Hoy leía una queja legítima. Alberto Chimal se molestaba porque alguien escribió un obituario sobre Daniel Sada que hacía más notable al que escribía que al que describía. Molestia entendible. Hace tiempo que se impuso la modita de que quienes hacen un memorial de alguna figura notable comiencen hablando en primera persona y el lector termina irremediablemente perdido tratando de decidir si el notable es el fallecido o el escribiente; que nunca se desperdicie la valiosa oportunidad de reivindicarse so pretexto de un muerto. Ay.
Cuando Monsiváis se despidió de este mundo ladino, resultó que era amigo íntimo de, cuando menos, unos 70 personajes, si le hacíamos caso a tanta letra más muerta que el escritor, que anduvo circulando por todas partes.
Debe haber una cierta decencia cuando se publica o se habla sobre alguien que ha muerto.

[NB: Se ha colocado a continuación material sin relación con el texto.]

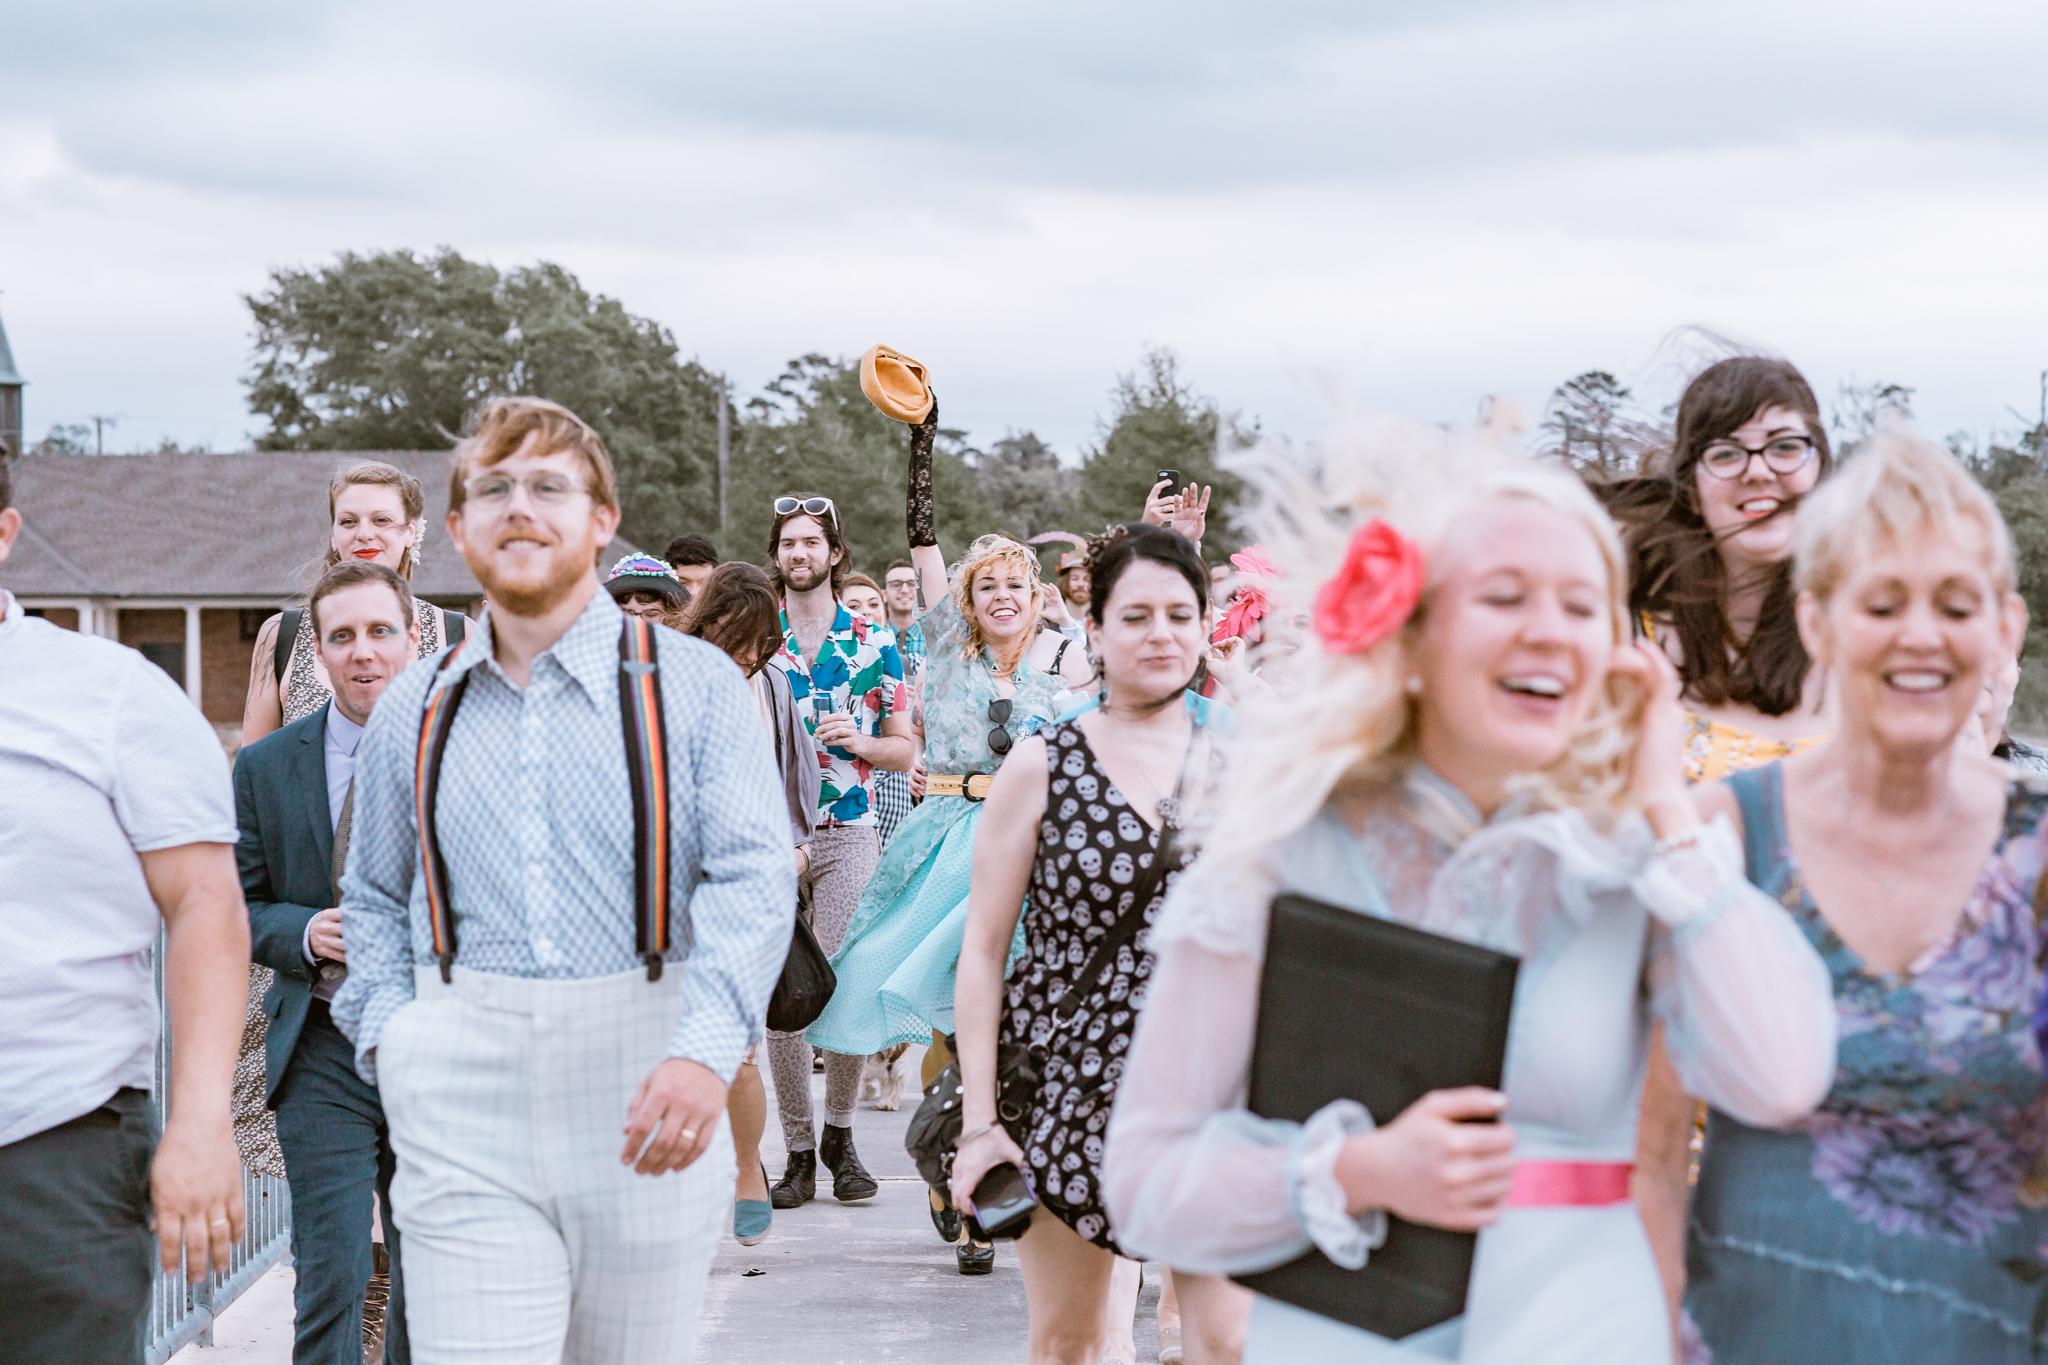 Tim and David - New orleans Wedding - Kallistia Photography-11.jpg

Vicente Fox, doliente de una verborrea proverbial, dijo, a propósito de la muerte de María Félix, que era una conocida «luchadora de la democracia». Particularmente no recuerdo que a esa excepcional mujer (por el sentido de excepción, que conste) le haya interesado otra cosa más allá de su propia persona o personaje. Qué aprieto tener que escoger palabras para honrar memorias. No debería ser difícil decir llanamente lo que la persona fue, o hizo, quisiera suponer. Pero parece que sí.
Murió Gadaffi, el diablo encarnado, y leí a ciertos franceses que finalmente reconocían que, si bien su muerte era infinitamente deseada, la forma no. Algo de decencia.
Todo este preámbulo porque quiero afirmar que soy aficionada a leer los obituarios bien escritos.
La mejor de las oportunidades se da en los periódicos estadounidenses y canadienses. Hace poco llegó a mis manos, por un amigo peregrino, el Globe and Mail. No pude sino detenerme en una nota particular. Estaba escrita por un señor muy formal que escribía sobre su hermano que recientemente había partido de este planeta. Inevitable condolerse del hermano que recordaba a un simple John que se distinguía por enviar postales a todos sus amigos siempre que visitaba cualquier sitio que tuviese postales. Por esa curiosa afición, todos lo recordaban. Por esa, vamos a llamarla maña, su círculo de familiares y amigos conocían las imágenes de casi todos los pueblos del oeste canadiense, porque durante décadas esa fue la única zona que visitó. Y esa insignificante nota, si se quiere inconsecuente, le dotaba de grandeza al personaje. Un señor sencillo que mandaba postales les otorga felicidad de turistas pasivos a todo un conjunto de personas por más de cincuenta años, y que haya alguien con la suficiente paciencia de contarlo le devuelve ese contento a la memoria colectiva.
El New York Times, por supuesto, es mi favorito. Recoge anécdotas y las vuelve memorables. Hace que por un segundo se sienta que, ante el efímero paso de los que aquí estamos, perdure la magnitud de las palabras para contrarrestar el olvido. Me mata (sin ironía de por medio) leer que la señora Gretta Munschen se enamoró de su esposo por más de 60 años cuando, en arranque de travesura, le quitó la silla en la Secundaria. Renueva el espíritu saber que Lucie Kern era una mujer que coleccionaba melodías para sus hijos. Que un compositor del que nunca había oído resulte ser el autor de una melodía de una película, esa sí, inolvidable; que Mary Hunt Kahlenberg tenía una casa en Nueva Inglaterra que ella misma construyó y para la que aprendió Arquitectura, y pienso si el día que estuve por esas tierras, sin saberlo, pisé el mismo jardín que ella frecuentaba. Los obituarios siempre me provocan un vértigo inacabable: casi todas las vidas están llamadas a ser grandiosas si alguien se toma el tiempo de notarlo. De anotarlo, más bien.
Los obituarios están ahí para que, por más tiempo del que dura un funeral, se entienda que todos los que nos dejan, dejan algo de por medio.
Y termino con una frase del libro para niños Es así que dice que los que parten y los que llegan se encuentran por unos segundos y se desean felicidad.
Los obituarios le ponen letras a esa felicidad puntual.